Data:
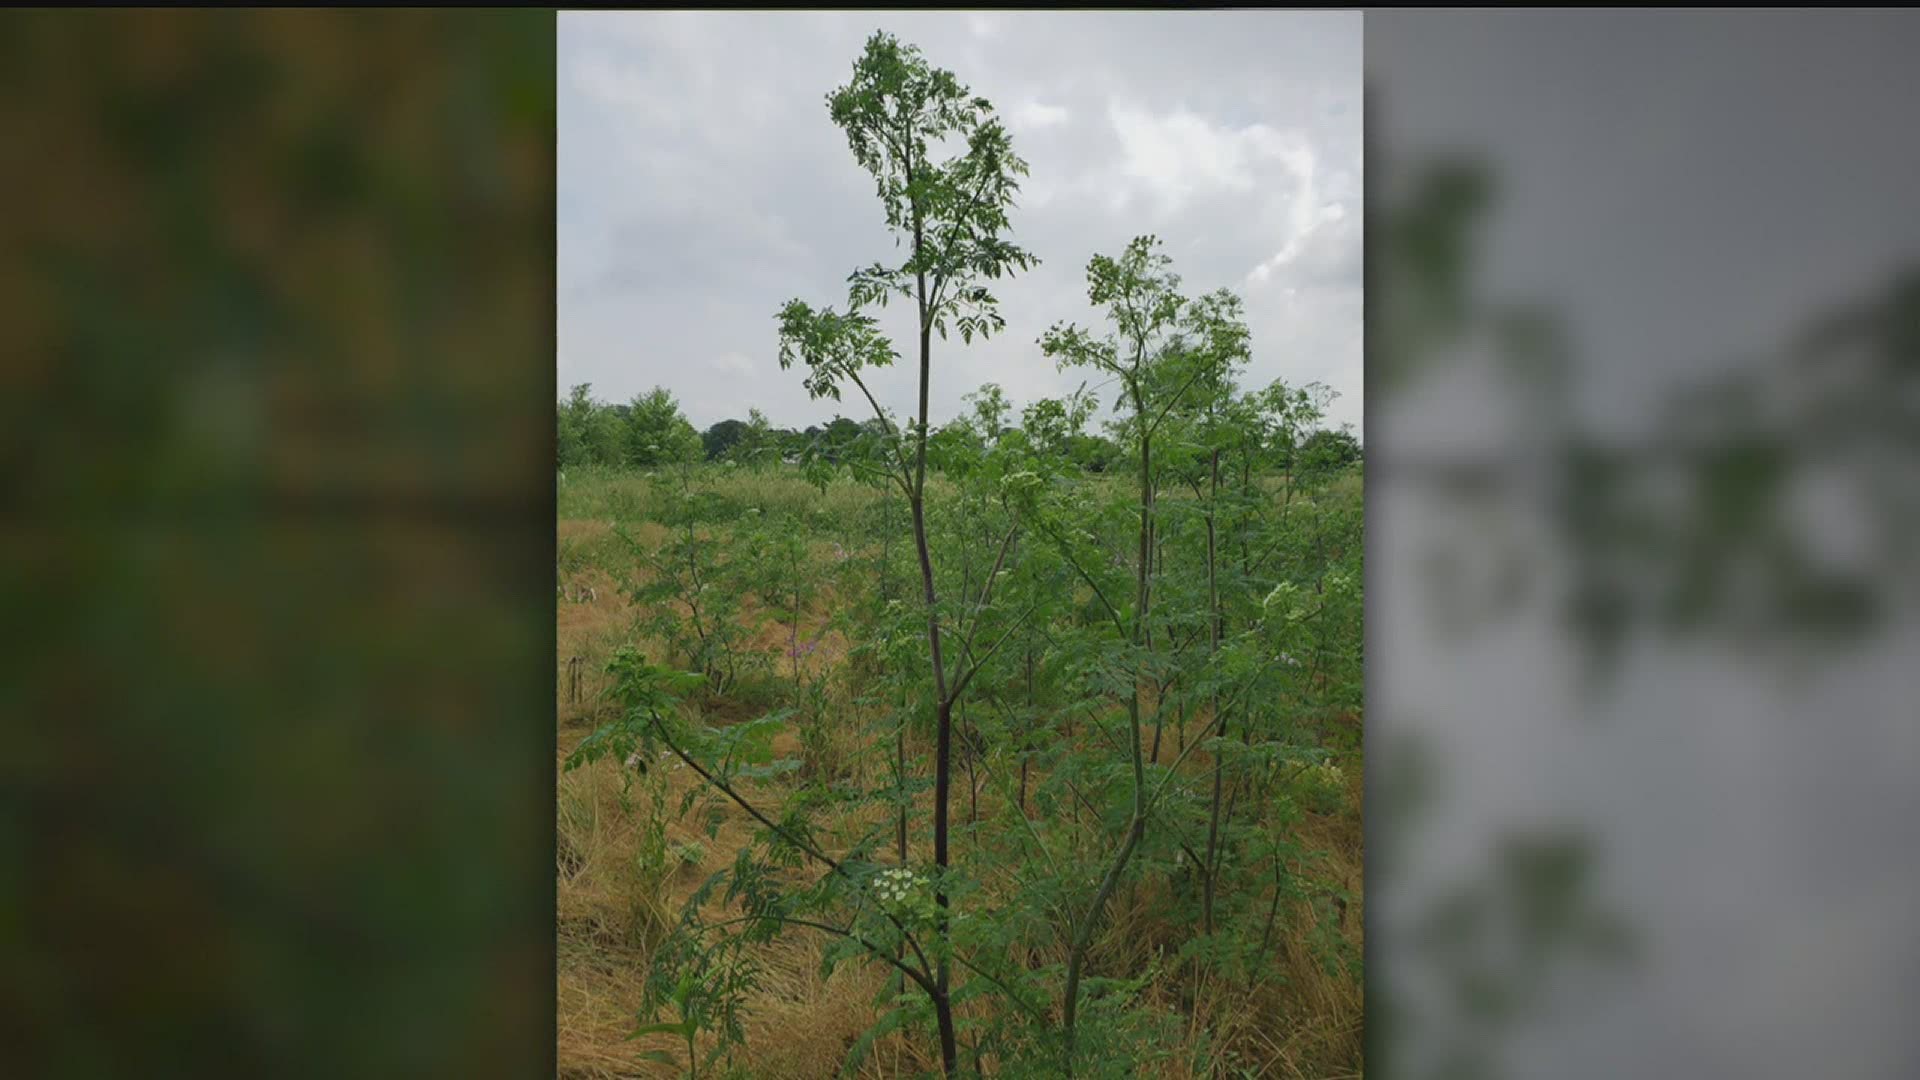 Invasive weed Conium maculatum, or poison hemlock, is spreading aggressively in Pennsylvania, according to experts at Penn State Extension.
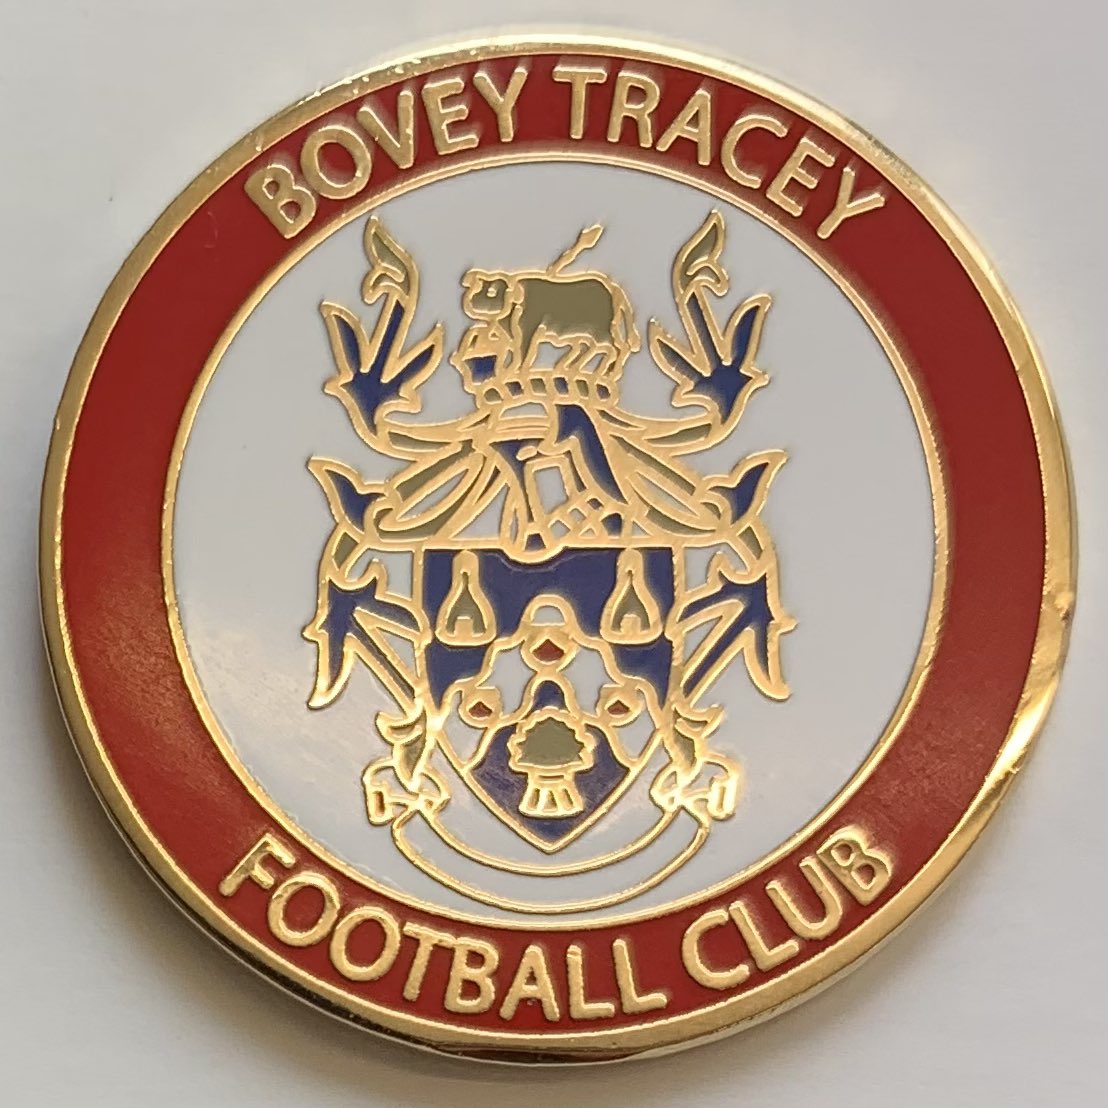 New for Bovey Tracey FC.
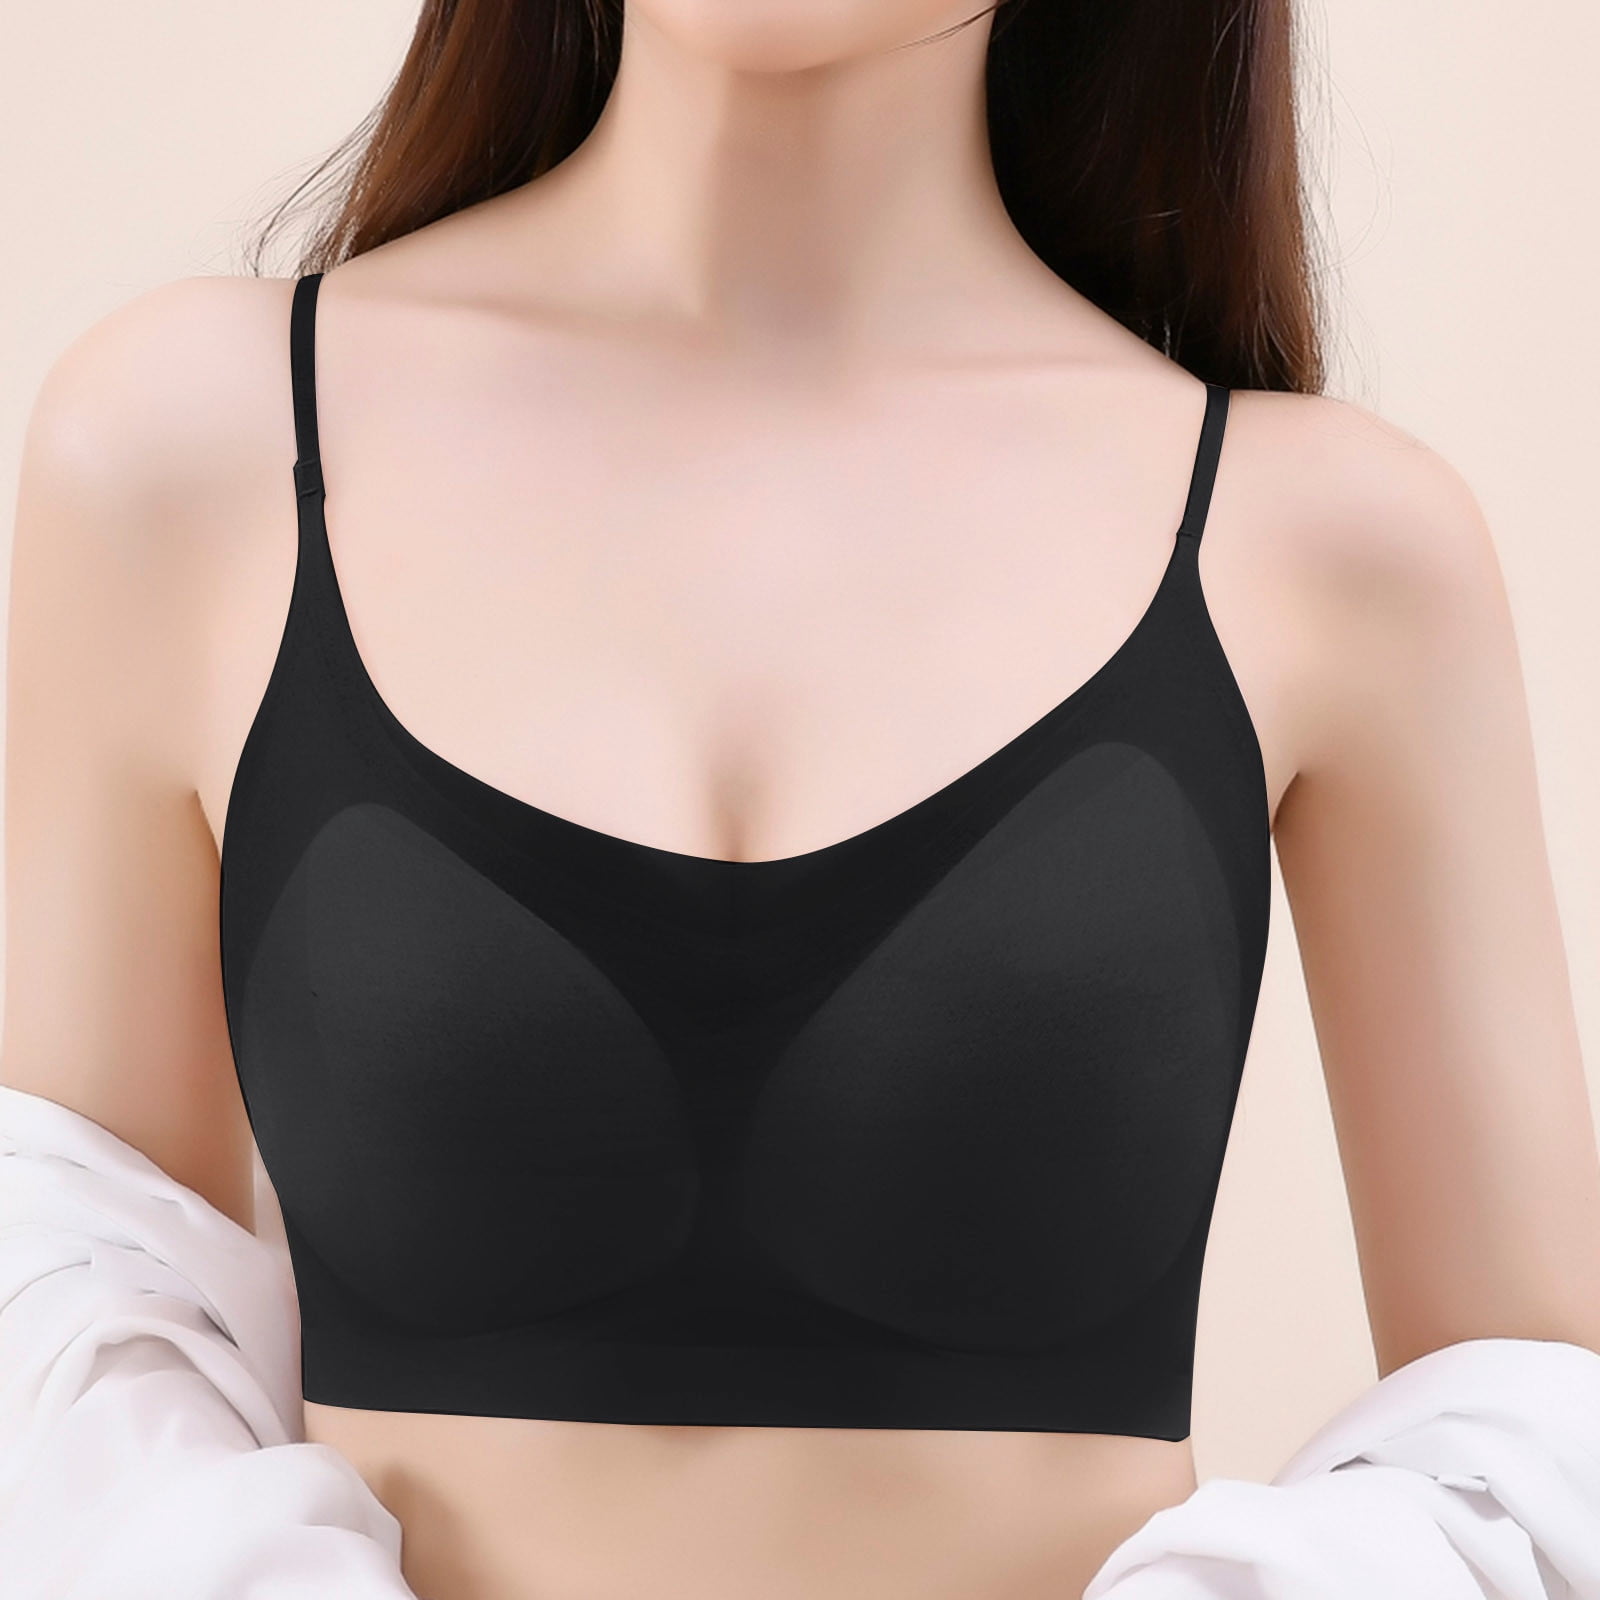 CAICJ98 Sports Bras for Women Support Wireless Bra, Lace Bra with  Stay-in-Place Straps, Full-Coverage Wirefree Bra, Tagless for Everyday Wear  Black,XXL 
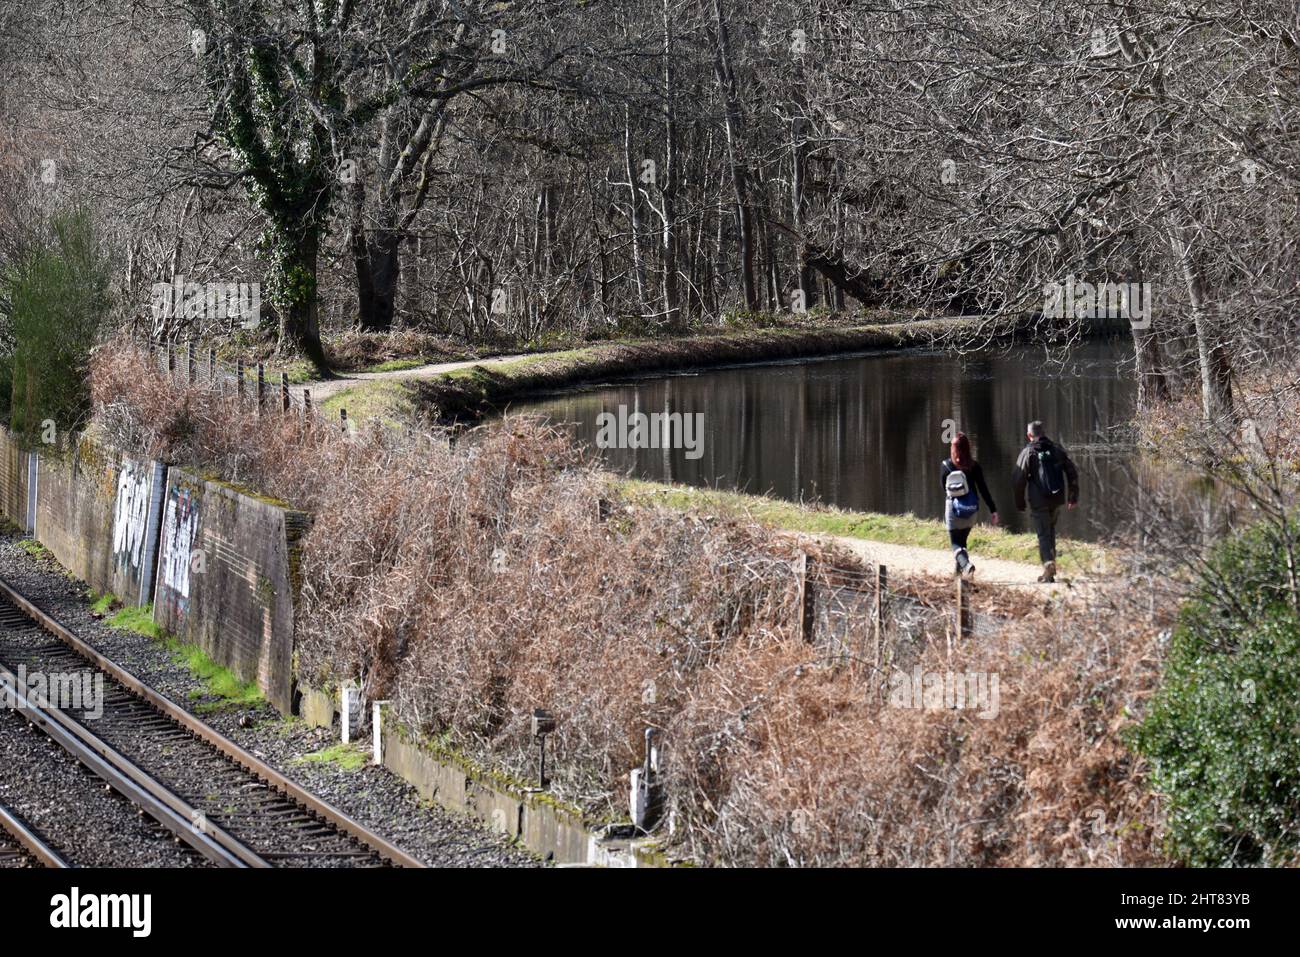 People walking on the towpath along the beautiful Basingstoke Canal in Surrey, at a point where it is a couple of metres above the adjacent railway. Stock Photo

What is being asked:
When you output the listing, reproduce it exactly but drop its pictures.

Exercise result:
 Invasive weed Conium maculatum, or poison hemlock, is spreading aggressively in Pennsylvania, according to experts at Penn State Extension.
 New for Bovey Tracey FC.
 CAICJ98 Sports Bras for Women Support Wireless Bra, Lace Bra with  Stay-in-Place Straps, Full-Coverage Wirefree Bra, Tagless for Everyday Wear  Black,XXL 
 People walking on the towpath along the beautiful Basingstoke Canal in Surrey, at a point where it is a couple of metres above the adjacent railway. Stock Photo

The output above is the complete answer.